# Red Snapper from a kayak?



## Breeze46 (Oct 7, 2013)

First full year with my 12 ft Pescador (paddle) kayak, and hoping to bring in some Red Snapper. I have been told that there are snapper in Pensacola Bay. Would the bay or offshore be a better option. Not interested in going to far out in the Gulf, but have been out in 50 to 60 feet of water with not problem. Also, what rig would be best for snapper? Thanks for any tips or suggestions.


----------



## servo765 (May 25, 2013)

They exist in the bay- I have caught them underneath of 3MB. People are fiercely protective of their bay spots though so I wouldn't expect anyone to give them up. If you want to cut to the chase, grab the StrikeLines Bay Chart. Otherwise, start trolling between public offshore numbers and watch your FF and you will turn up private spots. There is no real easy solution, I've found.


----------



## Magic Mike (Jun 30, 2009)

You're kind of asking for a lot with close in Snapper spots. Maybe someone will offer something, but I wouldn't count on it. You could try drifting the pass, but that's very risky with the boat traffic and currents. Simple Carolina rig with 50lb floro and whatever bait you choose will work. 50lb may be overkill depend on how deep you are. Good luck and be safe - my advice is to start smaller... flats, docks, etc... then move to the Gulf


----------



## tkh329 (Mar 14, 2012)

Buy the StrikeLines bay chart and you'll have no problem getting on them in the bay. I would stay out of the pass. It's dangerous in a kayak. My personal preference would be for a dropper rig using 60lb flouro. Bay snapper are pressured and will run you into structure in an instant, so flouro and heavy. 

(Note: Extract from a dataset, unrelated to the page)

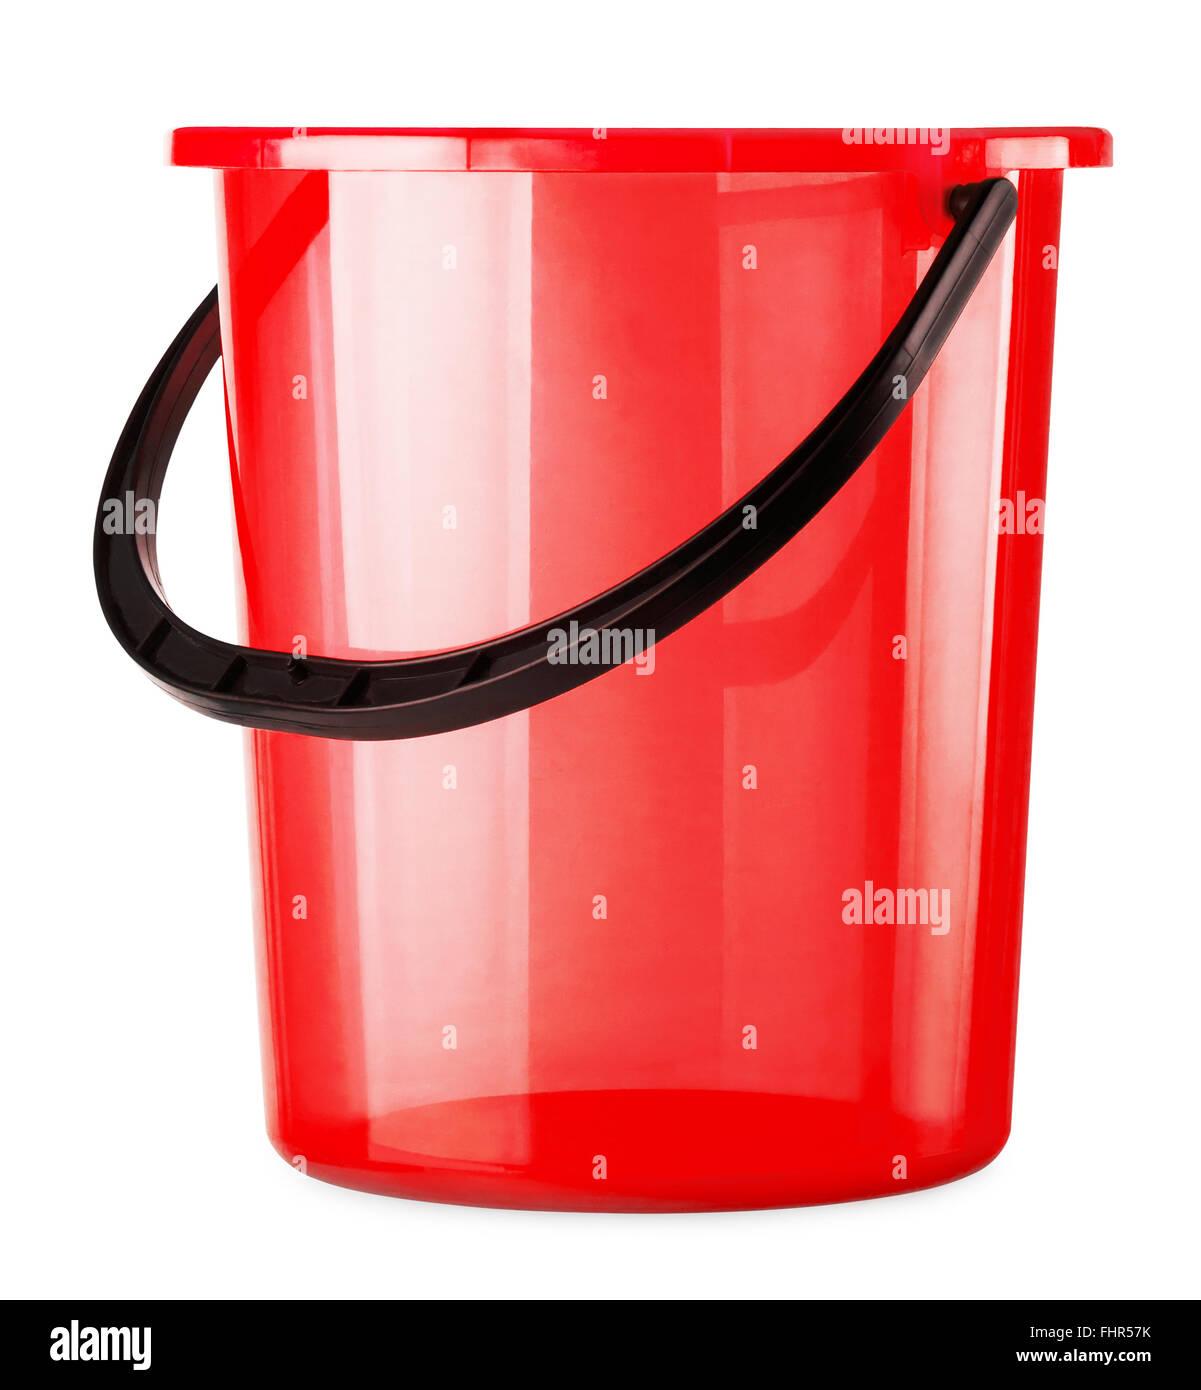 Svuotare la benna rosso isolato su uno sfondo bianco Immagini Stock

Sent from my iPhone using Tapatalk


----------



## Legalize it! (Jul 15, 2014)

There are some deep holes with ledges that hold snapper from time to time near Ft pickens. Get a fish finder and use lightest leader you can get away with. Use yozuri flourocarbon (the pink stuff).


----------



## chaps (Aug 31, 2009)

Hit 3 barges and surrounding structure with live bait in a knocker rig and you'll find them


----------



## Breeze46 (Oct 7, 2013)

Thanks for the replies, I am not looking for numbers, just whether it is worth the time searching the bay for spots. I am not interested in trying the pass in a kayak, I have fished here many years from boats and I know how crazy it can be. I am interested in how close in the Gulf anyone has found any red snapper. Jut an idea how far out one has to go. Thanks again.


----------



## chaps (Aug 31, 2009)

Less than a mile offshore if you know where the structure is


----------



## chasintales (Sep 29, 2007)

I have caught them 1/2 mile to 3 miles off shore very regularly. Hard to find the spots, but put some time in and they will produce. Launch form the first parking lot in the National Seashore from Navarre, get out and watch your bottom machine. Sometimes, you can catch a group and usually, they are willing to add a friendly paddler. We have a longer season this year so enjoy and good luck.
Chris


----------



## JD7.62 (Feb 13, 2008)

Pro tip: there are great snapper spots off of every single public access point from Portofino to Navarre. Why every now launches from the same two access points now blows my mind.


----------



## Breeze46 (Oct 7, 2013)

JD7.62 said:


> Pro tip: there are great snapper spots off of every single public access point from Portofino to Navarre. Why every now launches from the same two access points now blows my mind.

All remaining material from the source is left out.